Thank you very much for your time,

Quinn Liu

Virginia Tech
walnutiq.com
quinnliu@vt.edu

 

[jedishrfu]

You might get some insight on how to solve it from the wiki article:

https://en.wikipedia.org/wiki/Eight_queens_puzzle

 

[Quinn Liu]

Not quite what I am looking for but thanks for the reply. My question allows 2 queens to be in the same row or column as long as they are a variable "D" distance away from any of the other queens.

 

[jedishrfu]

If you have a line of squares say 12 squares and 10 pawns that can be 1 square apart then

for pawn 0 you have 12 possible choices
for pawn 1 you have 11 possible choices
...

which means you have 12*11*10*9*8*7*6*5*4*3 or (12!/2!) choices but wait there's more...

Next you have to realize that the pawns are indistinguishable from one another and so so you have to factor that in too as you'll be over counting choices.

As an example, given the letters a,b,c,d,a you could make 5! words but the dcba'a is the same as dcbaa' since the a's are really indistinguishable.

Perhaps you can extend the ideas above to figure out your problem.

We're here to help but we can't solve problems for you only give you pointers as you show your work.

 

[JCVD]

I'm afraid the ideas in the previous post won't be too helpful in solving your problem for D>1 (for D=1 with p pawns and any board with n spaces the answer is n choose p), but what will do the trick is setting up a recurrence relation with initial conditions and either solving it in general or just writing a program to solve it using recursion.

Suppose you want to find f(D,p,n), where f(D,p,n) counts the ways to arrange p pawns on a 1 by n chessboard so that any two are at least distance D apart. Fix D; we shall see how to compute f(D,p,n) for any p and n.

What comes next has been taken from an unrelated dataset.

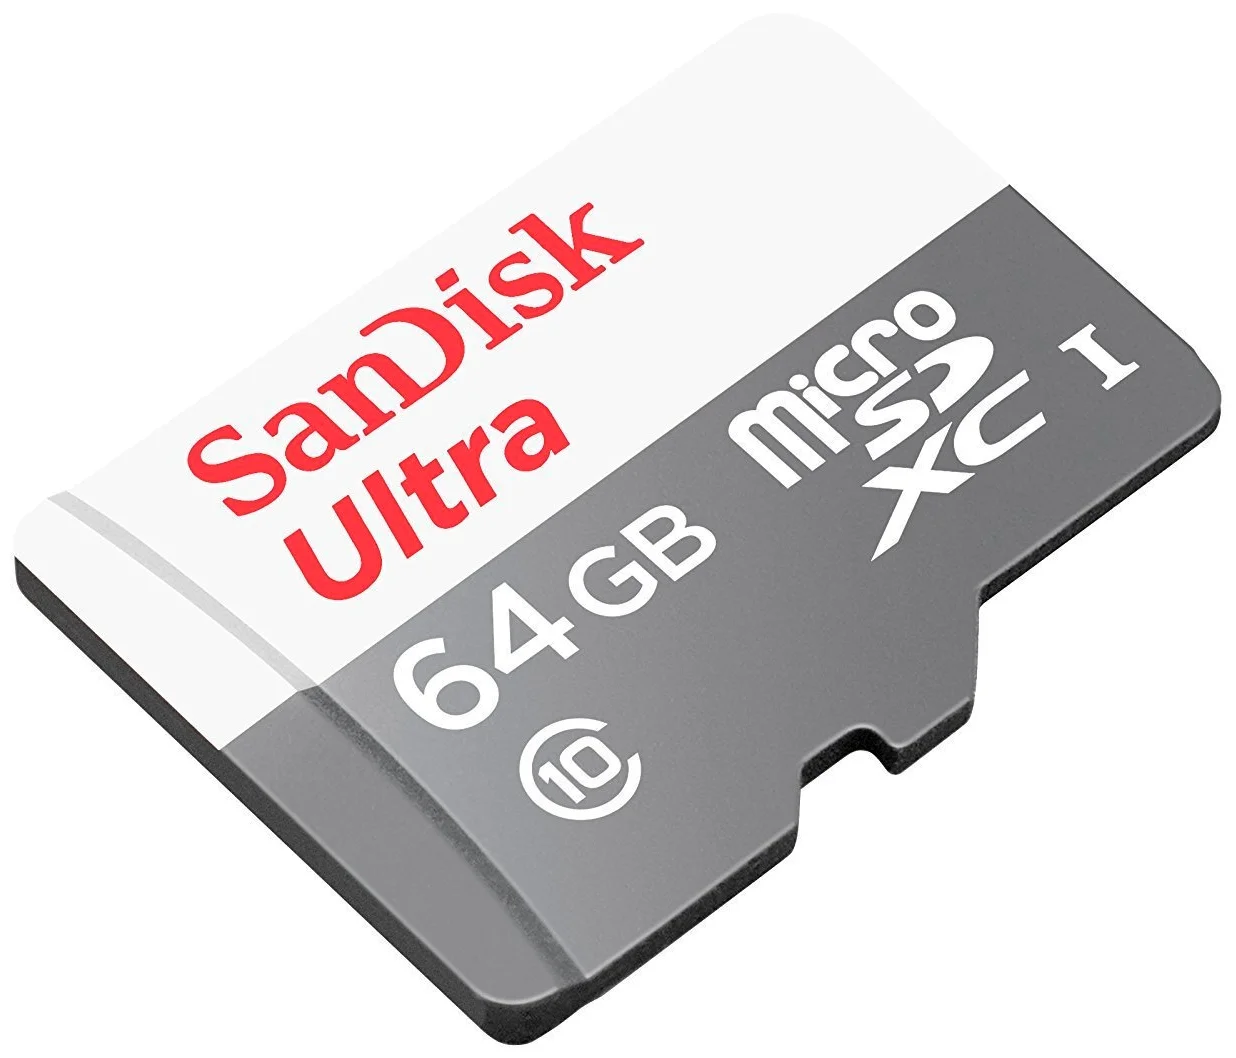 SanDisk Ultra microSDXC Class 10 UHS-I 80MB/s - скорость чтения данных: 80 МБ/с

Note that for initial conditions we have f(D,1,n)=n for all n and f(D,p,n)=0 if n<=D(p-1), so we may assume p>1 and n>D(p-1). Since either you have a pawn in the first square, in which case there are f(D,p-1,n-D) ways to place the p-1 remaining pawns on the n-D available squares, or you have no pawn in the first square, in which case there are f(D,p,n-1) ways to place all p pawns on the n-1 remaining squares, we have f(D,p,n)=f(D,p-1,n-D)+f(D,p,n-1).

 

[JCVD]

The link to the eight queens puzzle, however, is a good start for solving your problem on any board (go down to the "Exercise in algorithm design" section).

For instance, you can use a recursive algorithm to find all the ways to place p pawns at least distance D apart on a given board, by phrasing your problem inductively in terms of adding a single pawn at least distance D away to each pawn in any solution to the problem of placing p−1 pawns on the given board. The base case is the solution of placing 0 pawns on the board, which is the empty board.

If you don't consolidate identical board positions along the way, your algorithm will spit out p! copies of each valid board position of p pawns, one copy for each way of ordering the pawns to be added to the board.